OT- Question about Steadyhand

HalfDead wrote on 2/10/2004, 4:21 PM
I have some old VHS video's that have been converted to digital tape using a video 8 camera. Most of the video is shakey. I know that steadyhand will do a good job of removing most of the shake but this video hasn't been broken into individual scenes.

Will I have to have to cut my video up first or does it not matter if I just put the entire video through Steadyhand first. I know that the latter would be faster but I thought that the program might get confused as to what to do when the scenes changed. Any ideas?

Comments

johnmeyer wrote on 2/10/2004, 5:46 PM
I have had some difficulty with Steadyhand getting confused at scene changes, but only when I use something other than the defaults. I suggest you try using the default Normal setting on a few minutes of footage. You'll know right away if it will work. Also, the one thing I do change (and this won't matter for the scene change algorithm) is to turn off the Zoom settings. You do this by clicking on Custom (after selecting Normal), and then set Zoom to zero.

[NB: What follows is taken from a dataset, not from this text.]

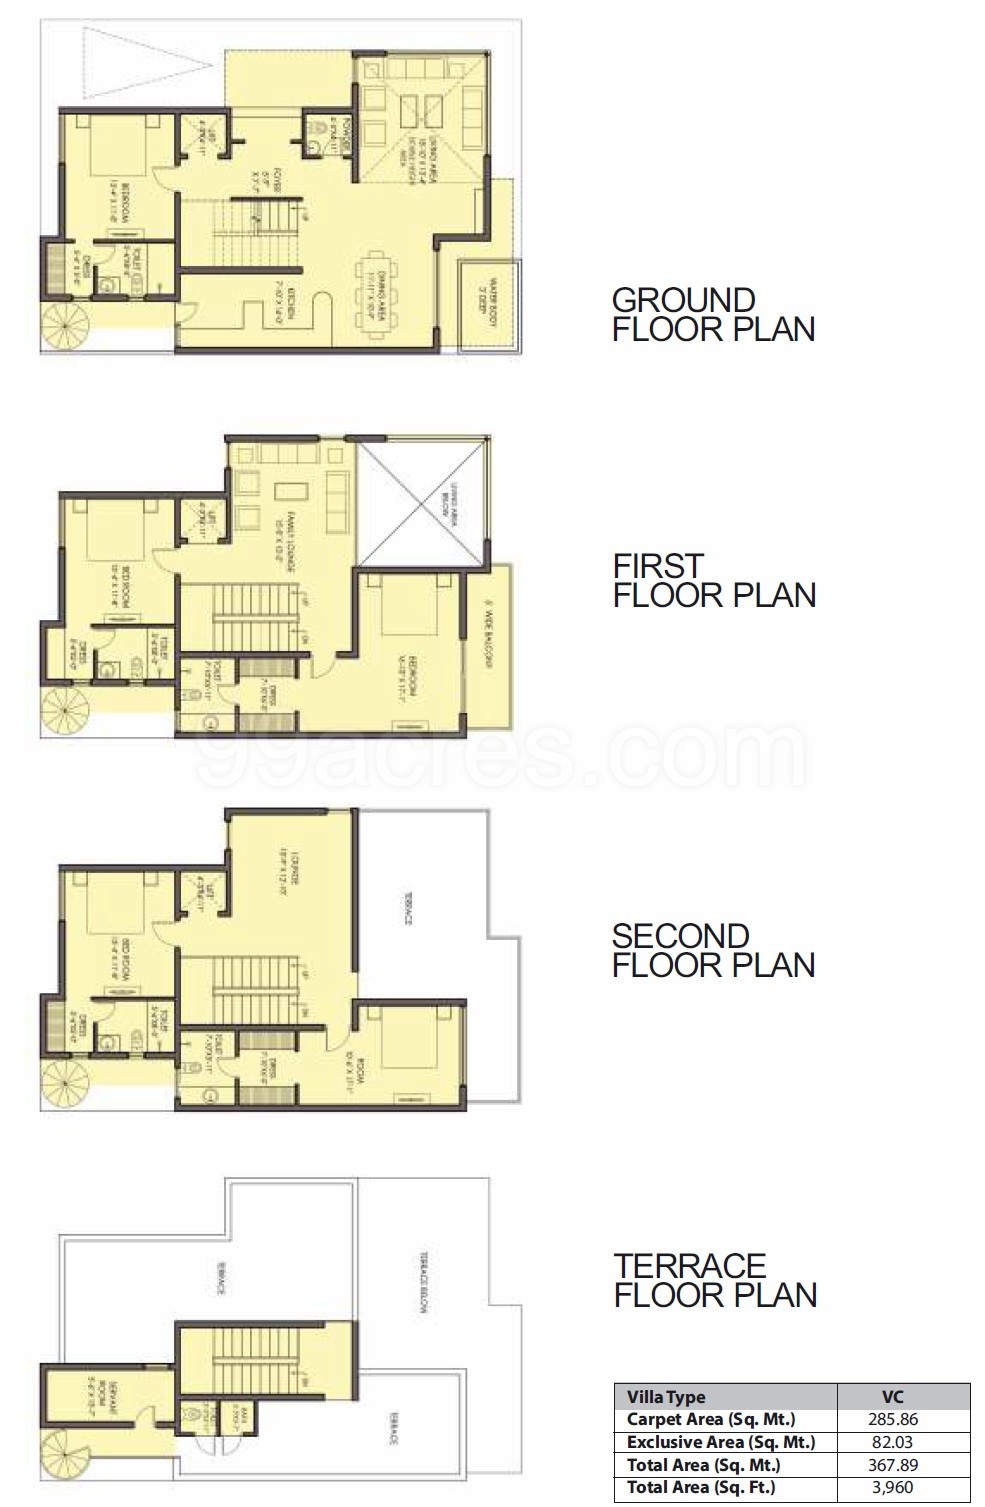 Rit Residence Halls Floor Plans Carpet Vidalondon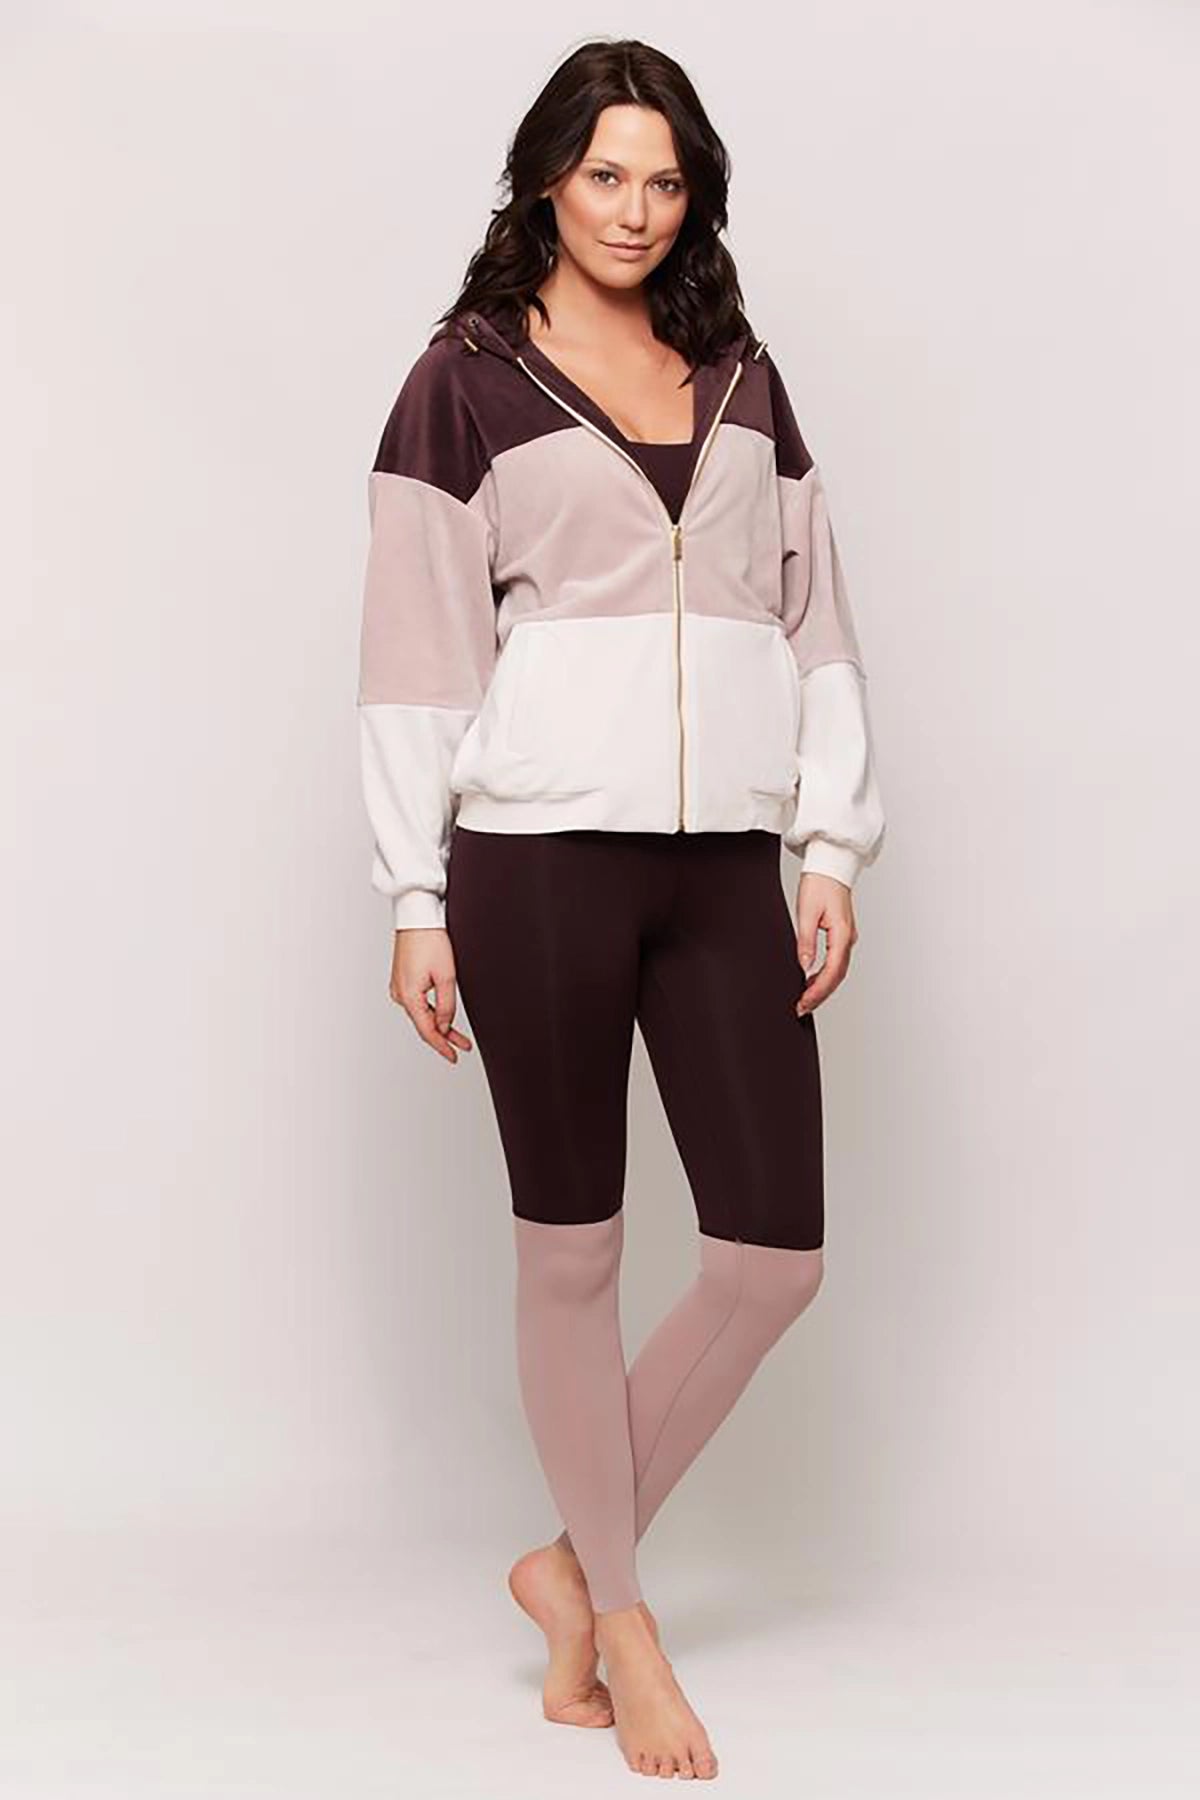 Inspiration full length legging in marine ombre – Aurum Activewear

The thing that seems to screw up the steady algorithm across scene changes is to change the size of the boundaries (also found under Custom).

I'm still waiting for Steadymove to be available for Vegas or some other program I own. It looks like a MUCH better program than Steadyhand, but it only works as a plugin to Premiere. I base this opinion entirely on the demos at their web site, and I might have a different opinion once I actually use the product. The few people that HAVE used, however, seem to think it works pretty darn well.
craftech wrote on 2/10/2004, 6:06 PM
Did you try a deck with a built in TBC (Time Base Corrector)? Does your camera have that option and did you turn it on? Did you use "dub" mode when you transfered?

John
Gopher77 wrote on 2/10/2004, 8:06 PM
I had a really bad video shot in 24p, went through a nightmare trying to clean it up. If theres one thing I learned about steady hand, the shorter the clip the better. Secondly don't do everything at once, I usually take out the zoom and rotation. You'll probably just have to cut a few clips out you can experiment with and go from there.